THE PEOPLE OF THE STATE OF ILLINOIS, PLAINTIFF-APPELLEE,

v.

EARL ROGERS, DEFENDANT-APPELLANT.



APPEAL from the Circuit Court of Cook County; the Hon. LOUIS A. WEXLER, Judge, presiding.

MR. JUSTICE MCGLOON DELIVERED THE OPINION OF THE COURT:

Rehearing denied April 22, 1971.

Defendant, Earl Rogers, appeals from a conviction by a jury of three counts of armed robbery. (Ill. Rev. Stat. 1967, ch. 38, par. 18-2.) He was sentenced to from 3 to 10 years in the State Penitentiary. The defendant alleges that the evidence was insufficient to prove him guilty beyond a reasonable doubt and that the trial counsel was so incompetent as to deny him a fair trial.

We affirm.

There is no question that there was a robbery on the night of April 6, 1968, at the Friendly Tap Tavern. The only question is whether the defendant participated in it.

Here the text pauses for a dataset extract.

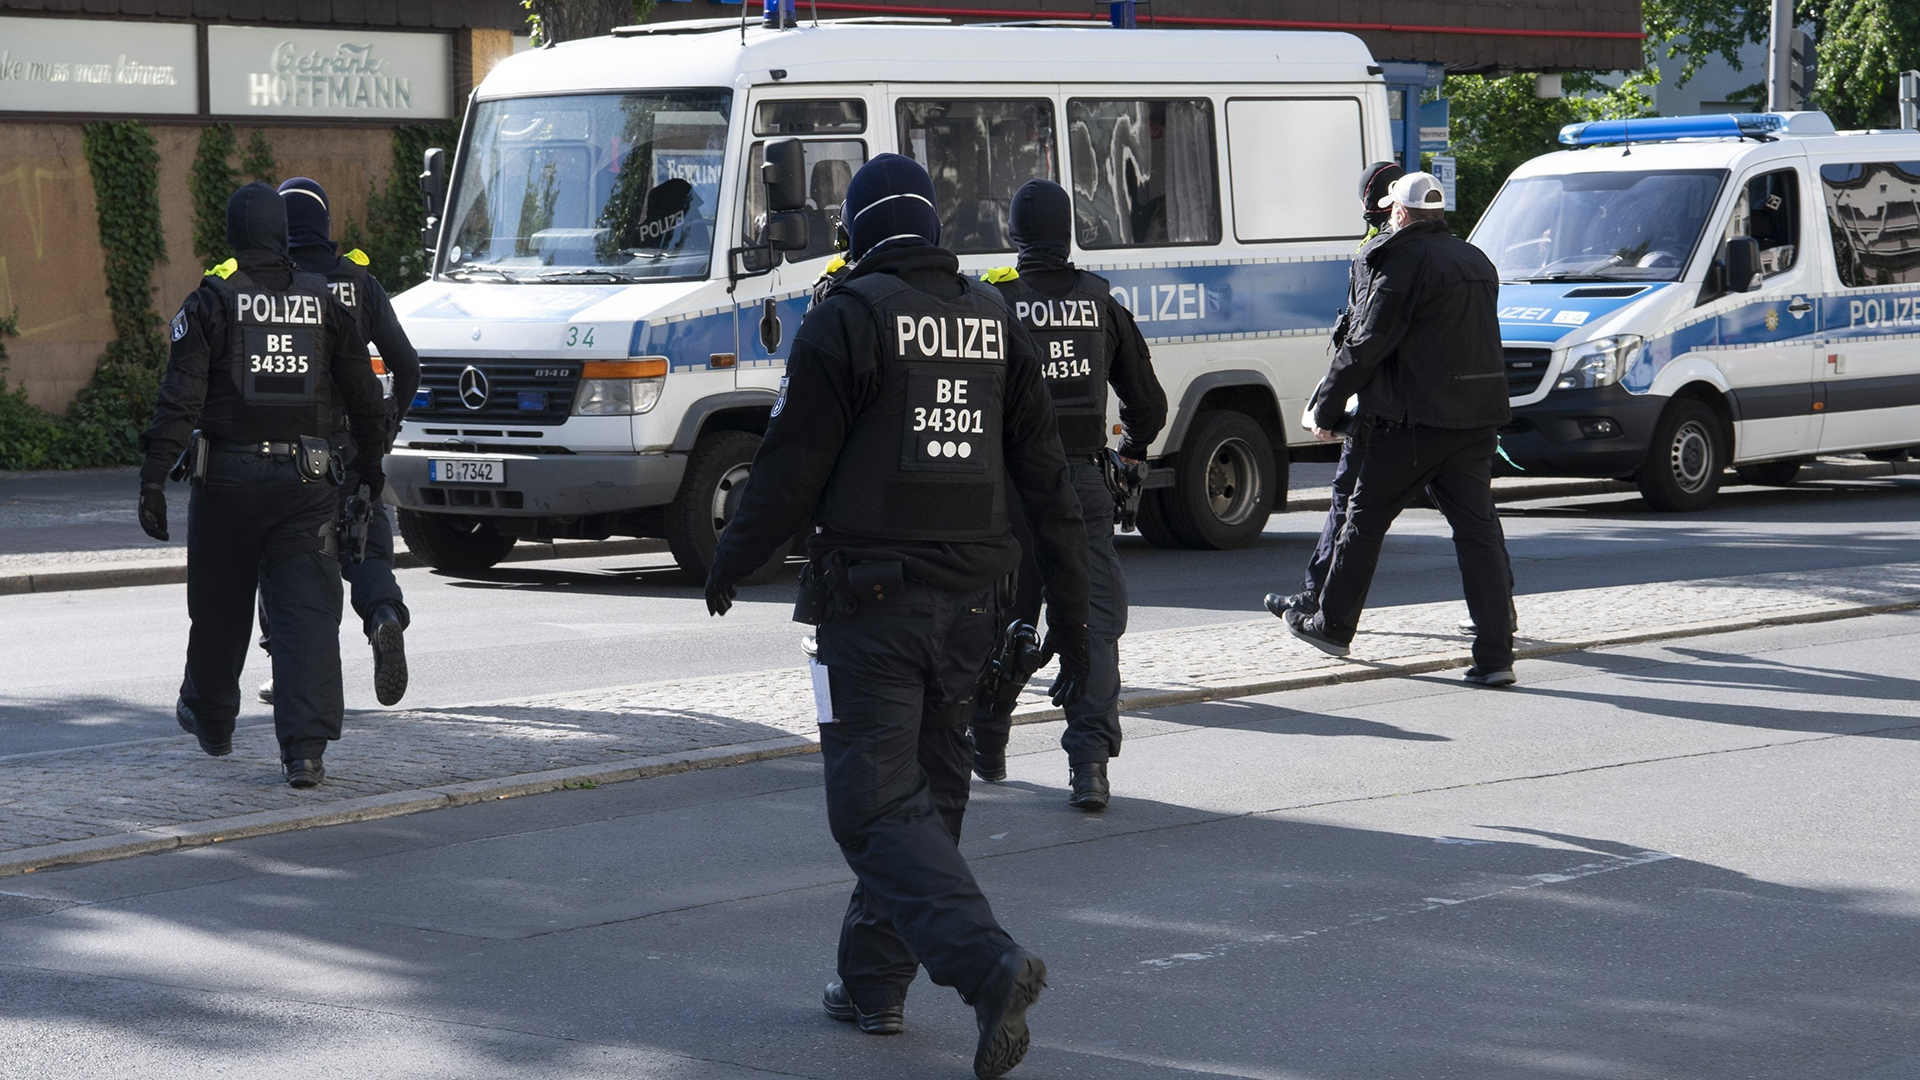 Polizisten laufen bei einer Razzia zu ihren Einsatzfahrzeugen, Archiv | picture alliance/dpa/dpa-Zentral

The evidence discloses that five robbers were already in the tavern when a sixth man entered, forcing in Phil Czechowski, one of the regular customers of the tavern who had just pulled into the adjacent parking lot. Czechowski was unable to identify the defendant. However, Caroline Paston, the co-owner of the tavern, and John Small, another customer, were able, in open court, to positively identify the sixth man who came into the tavern as the defendant and the man who pushed Phil Czechowski into the tavern.

The testimony showed that the lighting in the tavern was moderate with no indication in the record that it was insufficient for identifying the defendant. Caroline Paston testified that the lighting was comfortable, not bright or dark. As a matter of fact, the customers who were inside the tavern all testified to the effect that the lighting was comfortable and moderate, which would certainly indicate that there was sufficient lighting to make a good identification.

The witness, John Small, identified the defendant in court and stated that the defendant had his right hand placed in Czechowski's back, and that the defendant and Czechowski had passed by him going to the rear of the tavern. He further stated that his eyes followed them for approximately two to three feet, and that the six men passed by him while leaving the tavern. Small further testified that he had occasion to see the defendant when the defendant was standing to Small's left in front of the door. The witness had a clear, unobstructed view of defendant and was positive in his identification of him.

Shortly after the robbery the police trapped the getaway car, and the defendant was apprehended while fleeing with the other five men.

• 1, 2 A reviewing court will not disturb a guilty verdict on grounds of insufficient evidence unless it is so unsatisfactory, improbable or unreasonable or so palpably contrary to the evidence as to justify the court in entertaining a reasonable doubt of the defendant's guilt. (People v. Woodruff, 9 Ill.2d 429, 137 N.E.2d 809.) The guilty verdict based on the positive identification of the two eyewitnesses will not be disturbed.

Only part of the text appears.